Code: https://github.com/annagarbier/annagarbier.github.io/blob/master/work/courses/2018/fall/computational_craft/resources/code/assignment_6.ino

Code snippet:

```
// This function determines the LED pins' output (HIGH or LOW)
// based on the sensor pin's input (held in the variable "average").
void displayLights() {
if (average > 200) {
digitalWrite(ledA, HIGH);
digitalWrite(ledB, HIGH);
digitalWrite(ledC, HIGH);
} else if (average > 150) {
digitalWrite(ledA, HIGH);
digitalWrite(ledB, HIGH);
digitalWrite(ledC, LOW);
} else if (average > 100) {
digitalWrite(ledA, HIGH);
digitalWrite(ledB, LOW);
digitalWrite(ledC, LOW);
} else {
digitalWrite(ledA, LOW);
digitalWrite(ledB, LOW);
digitalWrite(ledC, LOW);
}
}
```

Part 3: Document midterm ideas.

I’d like to create transparent modular blocks, each containing a piece of a circuit: e.g. one might contain a 3v battery, another a resistor, another an LED, and others just connecting components.
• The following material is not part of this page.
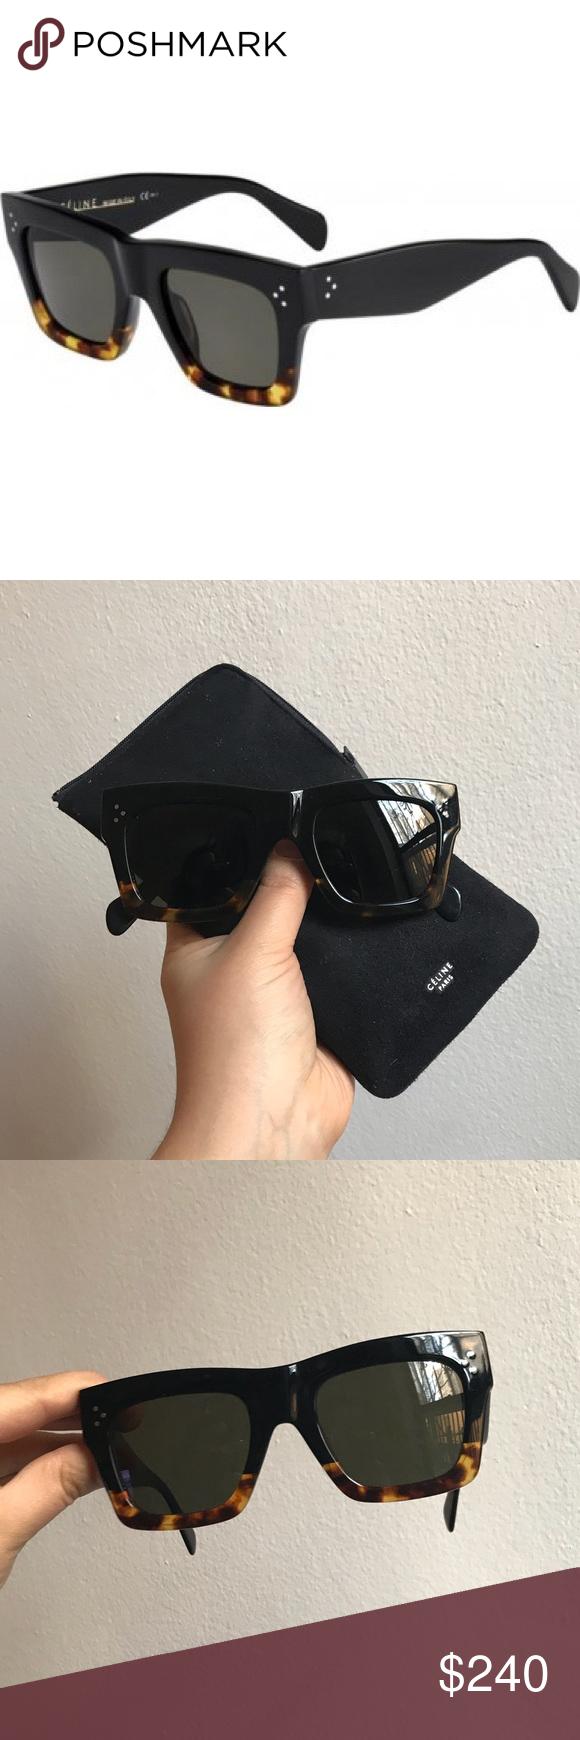 04f28cfbf2 Celine 41054 S Sunglasses Black Havana Tortoise (1E Green Lens). No  scratches

A user would be able to play with the blocks by connecting them in 3d space; complete a circuit with the blocks, and the blocks with the LED shines.
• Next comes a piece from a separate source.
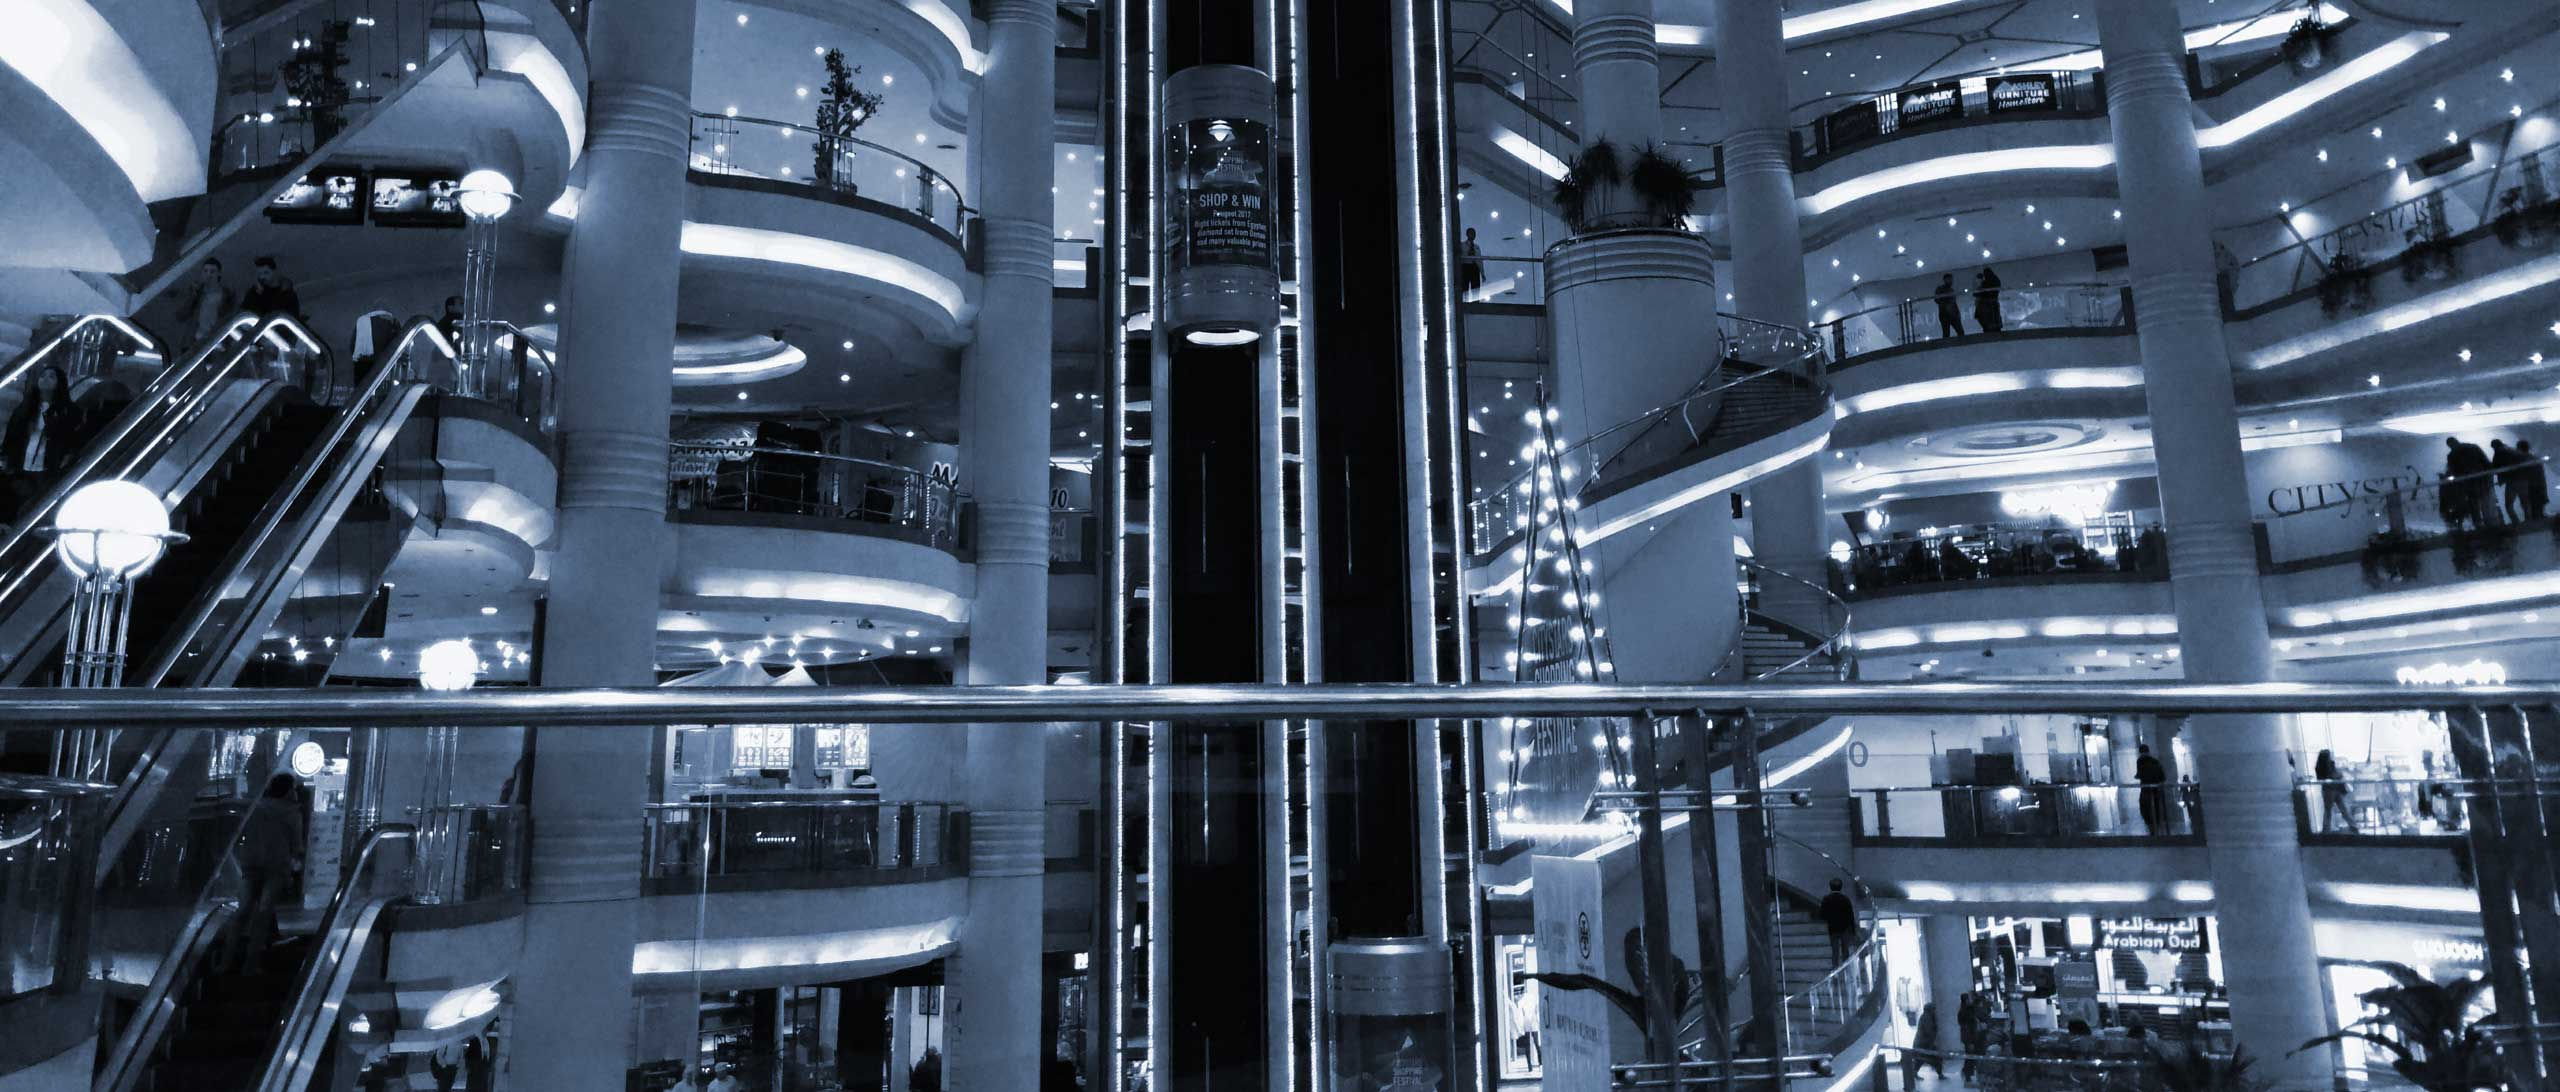 Cadena de centros comerciales plaza refinancia pasivos bancarios en Chile

The intention is to build something simple, playful, and educational.

 (early ideation on paper)

 (prototyping)

Week 5 – Anna Garbier

 

Node materials: two layers of cork with conductive fabric tape between, superglue, LED (node 1); soft plastic held together with push pins, visible conductive fabric tape circuits, removable cell battery (node 2)

Connector features: pin to gator clip (connector 1), plastic clip with conductive tape to plastic clip with conductive tape (connector 2), clip and plastic clip with conductive tape to paper clip (connector 3)

Design considerations: Short and long tape signify negative and positive ends when connecting to the LED node; these connecting points can be clipped onto or pushed into. Black and red pins help show positive and negative side of cell battery at a glance.

Week 3,4 – Anna

Oh snap! These four swatches use copper thread with a snap switch. When the circuit is closed, the mini LED shines.

** Swatches **

** Swatch materials and process **

** Learn a new craft **

Last week, I did hand sewing for the first time through my swatch-making. I also took a silkscreen printmaking class, and am looking forward to playing with printmaking and conductive ink in a future project this semester.

Week 2 – Anna Garbier

Crafting a Path, inspired by the last stanza of Osso Buco by Billy Collins:

In a while, one of us will go up to bed
and the other will follow.
Then we will slip below the surface of the night
into miles of water, drifting down and down
to the dark, soundless bottom
until the weight of dreams pulls us lower still,
below the shale and layered rock,
beneath the strata of hunger and pleasure,
into the broken bones of the earth itself,
into the marrow of the only place we know.